Low inflation gives the PBoC “room to act if needed”, said Erin Xin at HSBC, but she did not expect “large-scale stimulus”. Zhu at China Europe International Business School noted the government was limited by downward pressure on the exchange rate.

Analysts expect an MLF rate cut to be accompanied by non-monetary measures. Hu at Macquarie forecast a co-ordinated relaxation of restrictions on property purchases, infrastructure spending and bank lending.

Chetan Ahya, Morgan Stanley chief Asia economist, anticipated a Rmb1tn ($140bn) infrastructure package and tax subsidies for consumers. “Taken together, we think that you should see a recovery broadening out with this policy support in the second half,” he told a media briefing on Tuesday.

The spectre of inflation is still a deterrent from more forceful action. “Western economies have gone too far in directly subsidising enterprises and distributing money to families — they are paying the price of inflation,” said Guan Tao, chief economist at Bank of China International and a former director at the State Administration of Foreign Exchange. “But we are a bit too conservative.” 

On the ground, there are also mixed signals. In Shanghai’s Pudong District, financial workers on their lunch break crowd into luxury goods shops. But in a nearby mall, retail spaces are boarded up, and shops that are open are quiet. “It’s not recovered from last year,” said one shop assistant at Toys R Us, blaming a lack of tourists.

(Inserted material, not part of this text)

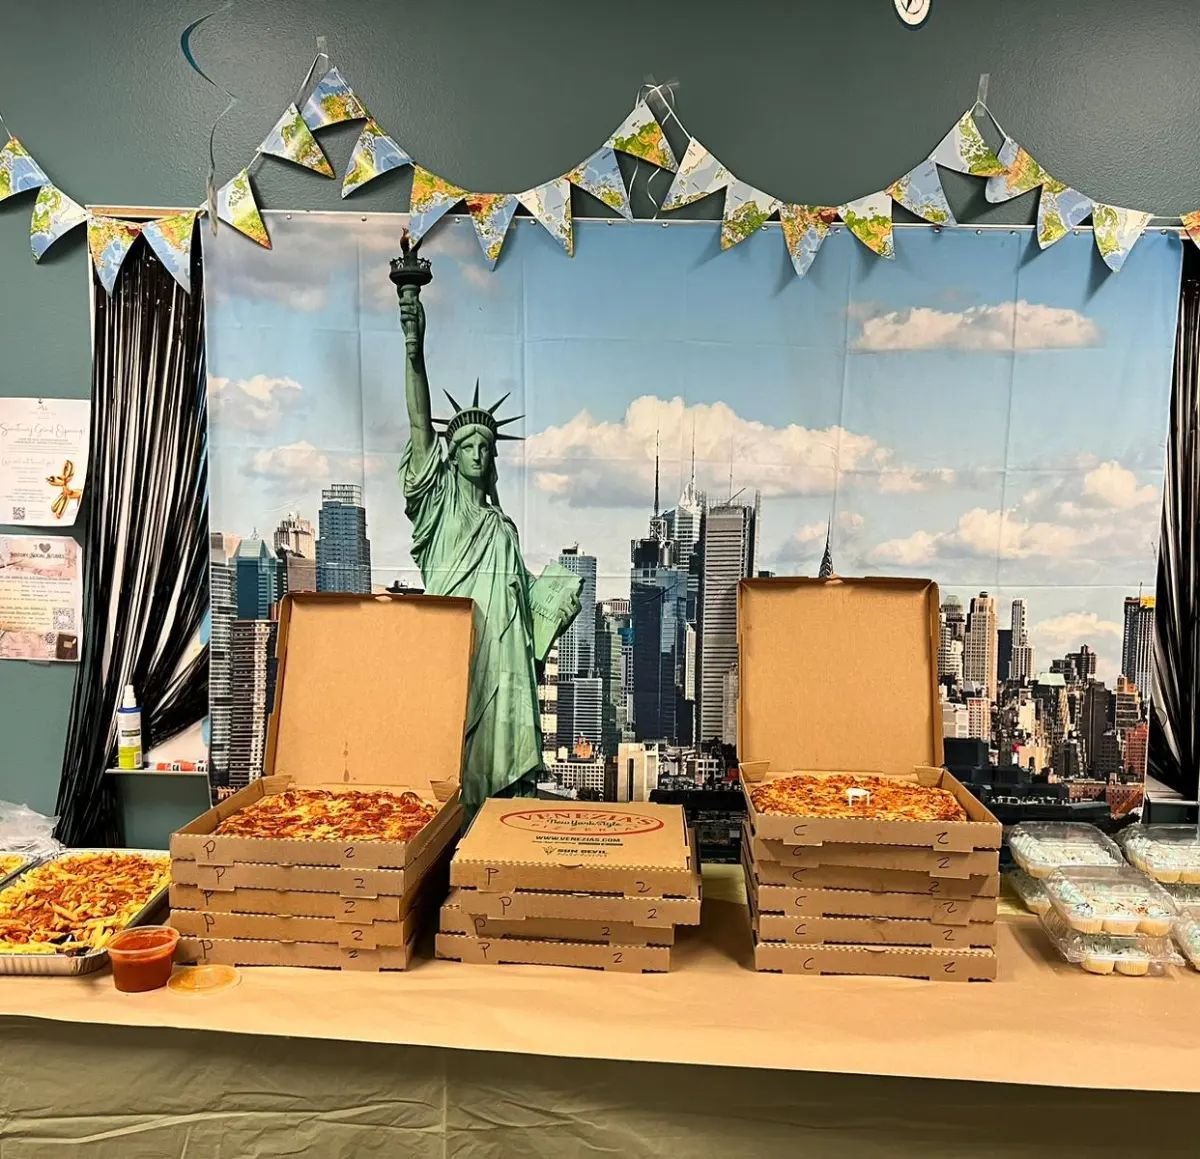 Our staff was in an Empire State of Mind during their stop in the Big Apple this afternoon enjoying pizza and pasta from @veneziaspizza (PV) and cupcakes provided by @sugarandlacebakery . Thank you both for your generosity!!
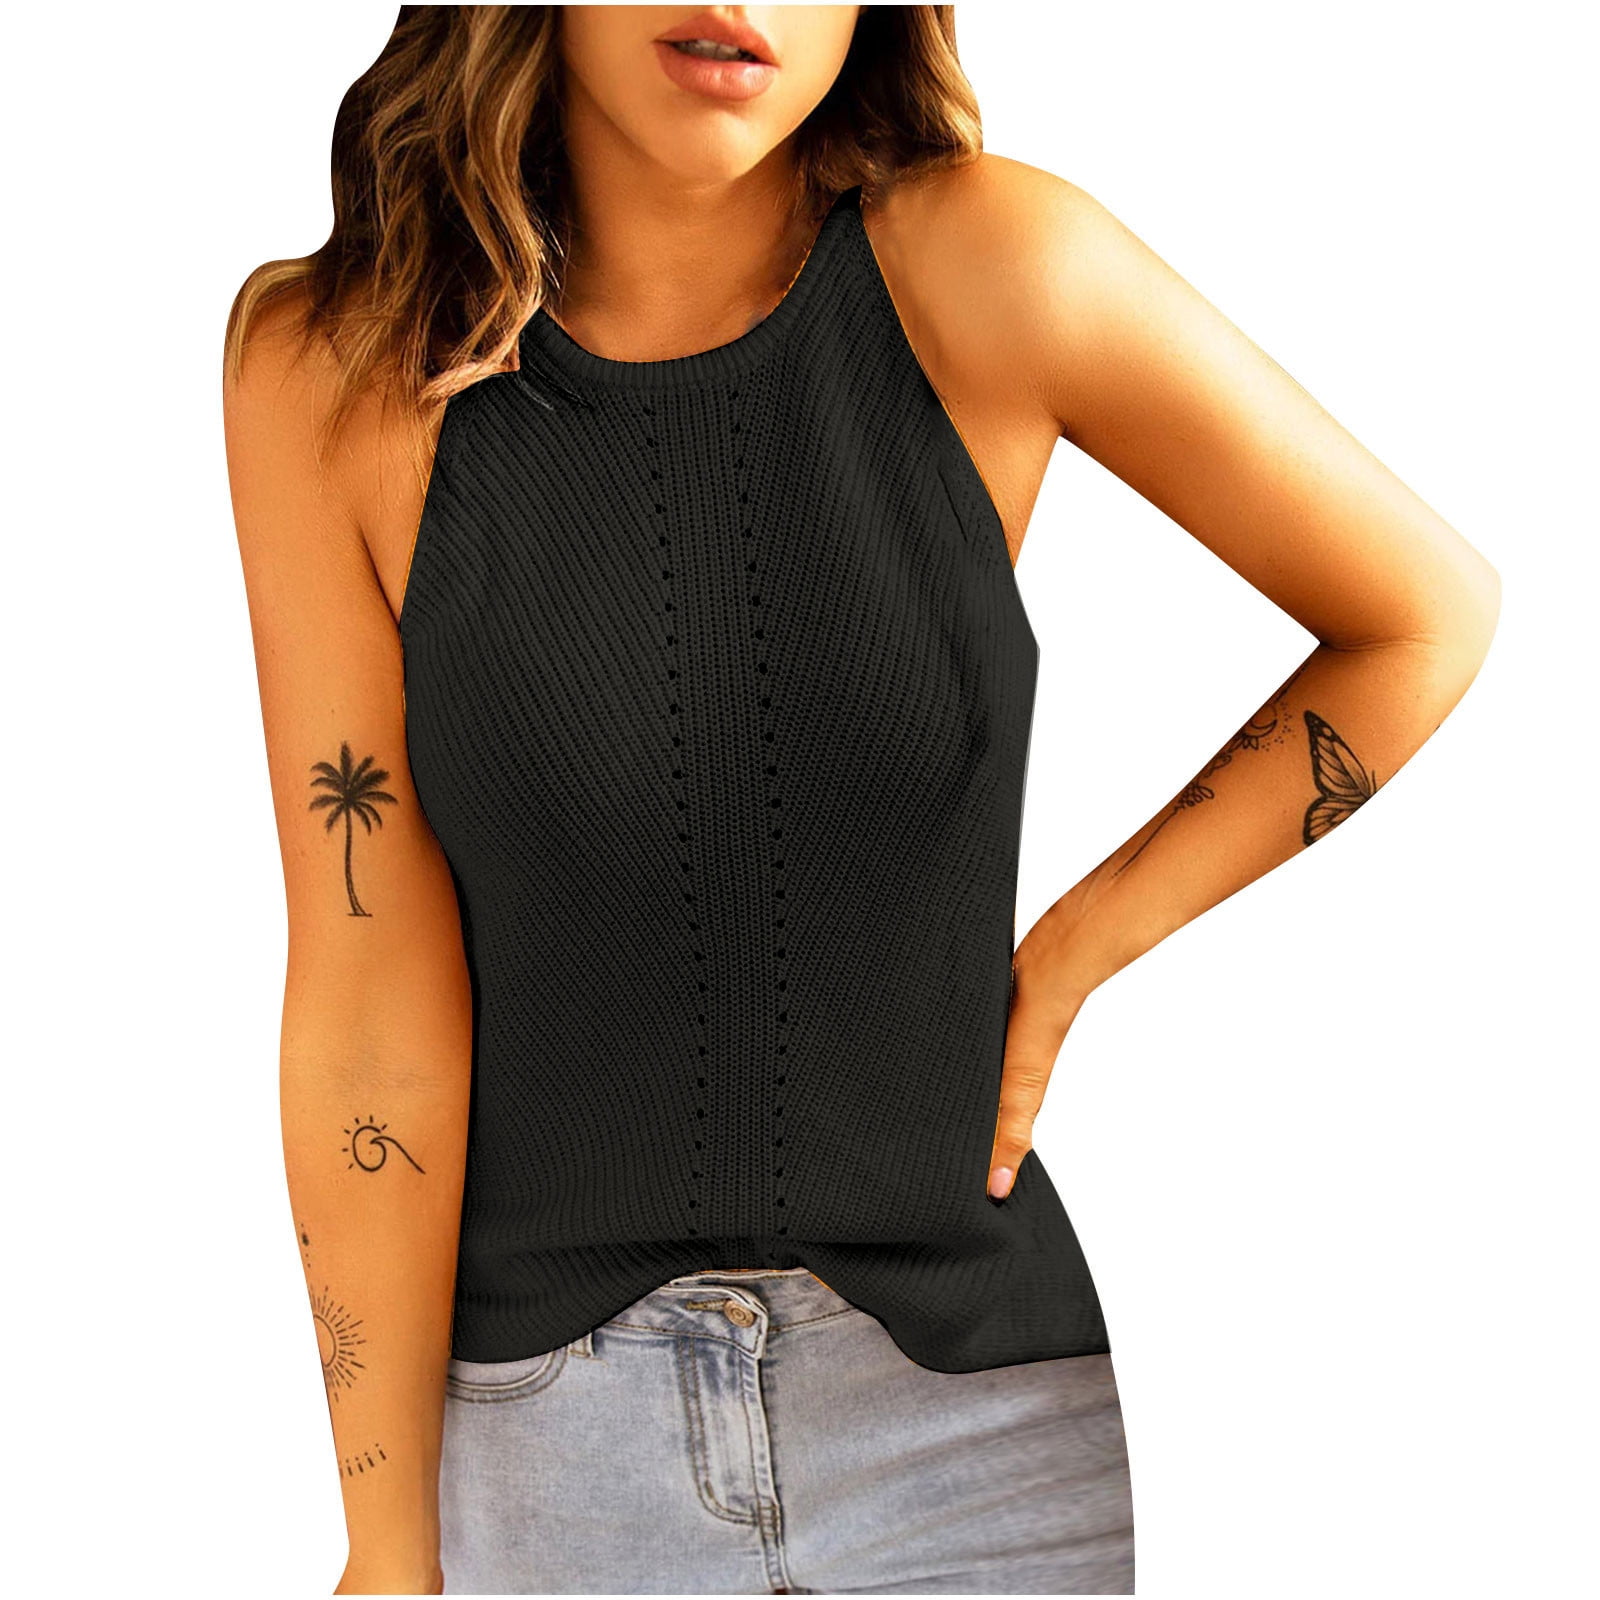 YYDGH Women's Knit Crop Top Ribbed Sleeveless Halter Neck Vest

One economic researcher at a mutual fund in Shanghai cited recent consumption support in sectors such as cars but did not expect more radical measures such as the cash handouts disbursed in Hong Kong to spur spending.

Amid this week’s anticipation of easing, few observers expect a sudden departure from the cautious approach of China’s Covid era. But some believe that is now what is needed.

“It has to be something quite different,” said Zhu. “What China needs is a positive shock, one that will change the mood of the whole business community.”